::: RECORDS TO PROCESS

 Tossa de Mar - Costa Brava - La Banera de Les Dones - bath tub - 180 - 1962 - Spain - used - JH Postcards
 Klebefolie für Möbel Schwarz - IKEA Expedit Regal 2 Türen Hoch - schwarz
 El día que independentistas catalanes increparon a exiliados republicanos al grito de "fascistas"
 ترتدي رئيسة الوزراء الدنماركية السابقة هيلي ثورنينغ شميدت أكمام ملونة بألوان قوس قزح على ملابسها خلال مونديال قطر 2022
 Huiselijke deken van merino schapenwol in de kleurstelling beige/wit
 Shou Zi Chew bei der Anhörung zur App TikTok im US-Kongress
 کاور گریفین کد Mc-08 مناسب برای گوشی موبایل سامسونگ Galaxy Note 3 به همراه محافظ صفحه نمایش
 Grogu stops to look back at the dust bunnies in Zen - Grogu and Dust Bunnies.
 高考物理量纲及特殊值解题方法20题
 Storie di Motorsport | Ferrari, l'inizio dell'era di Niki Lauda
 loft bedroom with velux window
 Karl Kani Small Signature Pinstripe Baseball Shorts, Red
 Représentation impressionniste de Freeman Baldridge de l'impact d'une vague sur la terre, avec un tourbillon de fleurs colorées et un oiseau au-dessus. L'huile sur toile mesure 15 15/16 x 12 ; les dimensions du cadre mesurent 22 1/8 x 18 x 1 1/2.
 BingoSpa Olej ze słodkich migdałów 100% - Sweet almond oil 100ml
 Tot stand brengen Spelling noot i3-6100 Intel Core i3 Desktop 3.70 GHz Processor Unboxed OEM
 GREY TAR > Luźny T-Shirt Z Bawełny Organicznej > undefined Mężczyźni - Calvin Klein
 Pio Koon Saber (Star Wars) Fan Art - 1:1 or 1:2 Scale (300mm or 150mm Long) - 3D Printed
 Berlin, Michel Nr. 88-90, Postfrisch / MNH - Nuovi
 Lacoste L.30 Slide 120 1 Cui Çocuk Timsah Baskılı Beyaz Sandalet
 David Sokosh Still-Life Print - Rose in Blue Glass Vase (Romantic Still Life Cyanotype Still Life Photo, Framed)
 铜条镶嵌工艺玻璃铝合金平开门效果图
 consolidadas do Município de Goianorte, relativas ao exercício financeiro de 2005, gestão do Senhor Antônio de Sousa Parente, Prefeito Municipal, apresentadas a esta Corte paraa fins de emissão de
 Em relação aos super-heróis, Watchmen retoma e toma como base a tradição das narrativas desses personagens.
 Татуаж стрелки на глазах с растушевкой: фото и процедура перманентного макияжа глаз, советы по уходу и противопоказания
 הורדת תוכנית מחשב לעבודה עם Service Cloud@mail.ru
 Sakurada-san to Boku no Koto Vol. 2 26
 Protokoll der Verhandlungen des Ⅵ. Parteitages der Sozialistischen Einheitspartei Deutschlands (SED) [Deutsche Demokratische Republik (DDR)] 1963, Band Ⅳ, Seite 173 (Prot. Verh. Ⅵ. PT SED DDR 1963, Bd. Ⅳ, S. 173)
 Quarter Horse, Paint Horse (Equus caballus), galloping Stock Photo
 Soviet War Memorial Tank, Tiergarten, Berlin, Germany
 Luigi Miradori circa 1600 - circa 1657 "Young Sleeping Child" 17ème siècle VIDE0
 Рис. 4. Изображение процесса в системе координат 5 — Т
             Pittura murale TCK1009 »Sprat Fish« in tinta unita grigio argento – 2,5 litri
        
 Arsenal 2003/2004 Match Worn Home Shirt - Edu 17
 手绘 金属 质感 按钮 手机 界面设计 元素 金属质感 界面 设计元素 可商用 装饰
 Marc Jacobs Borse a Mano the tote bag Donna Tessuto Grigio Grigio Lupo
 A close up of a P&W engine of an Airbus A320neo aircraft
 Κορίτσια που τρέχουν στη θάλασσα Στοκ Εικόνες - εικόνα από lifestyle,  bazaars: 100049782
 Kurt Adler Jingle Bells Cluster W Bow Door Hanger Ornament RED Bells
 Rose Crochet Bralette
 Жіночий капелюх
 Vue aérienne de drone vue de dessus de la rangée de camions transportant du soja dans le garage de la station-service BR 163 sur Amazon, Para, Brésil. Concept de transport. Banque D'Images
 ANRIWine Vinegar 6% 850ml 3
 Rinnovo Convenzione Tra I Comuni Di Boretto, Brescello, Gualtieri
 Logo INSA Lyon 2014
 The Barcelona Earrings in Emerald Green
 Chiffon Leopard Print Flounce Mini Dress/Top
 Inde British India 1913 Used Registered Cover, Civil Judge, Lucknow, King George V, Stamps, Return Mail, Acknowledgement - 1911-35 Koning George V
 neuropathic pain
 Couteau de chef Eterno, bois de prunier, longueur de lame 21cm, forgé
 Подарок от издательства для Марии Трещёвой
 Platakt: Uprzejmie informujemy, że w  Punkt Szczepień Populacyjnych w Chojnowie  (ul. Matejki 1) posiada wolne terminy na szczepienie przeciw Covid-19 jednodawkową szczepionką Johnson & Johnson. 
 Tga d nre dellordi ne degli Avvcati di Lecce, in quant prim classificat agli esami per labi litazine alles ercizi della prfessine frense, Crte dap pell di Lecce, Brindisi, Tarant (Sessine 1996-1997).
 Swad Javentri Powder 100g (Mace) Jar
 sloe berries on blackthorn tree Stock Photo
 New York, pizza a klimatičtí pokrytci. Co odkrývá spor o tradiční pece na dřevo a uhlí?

::::::

* _YOUR INSTRUCTIONS_: Only a number belongs in the answer: state how many lines of the entries above hold "Shirt".

* _RESPONSE AREA_: 2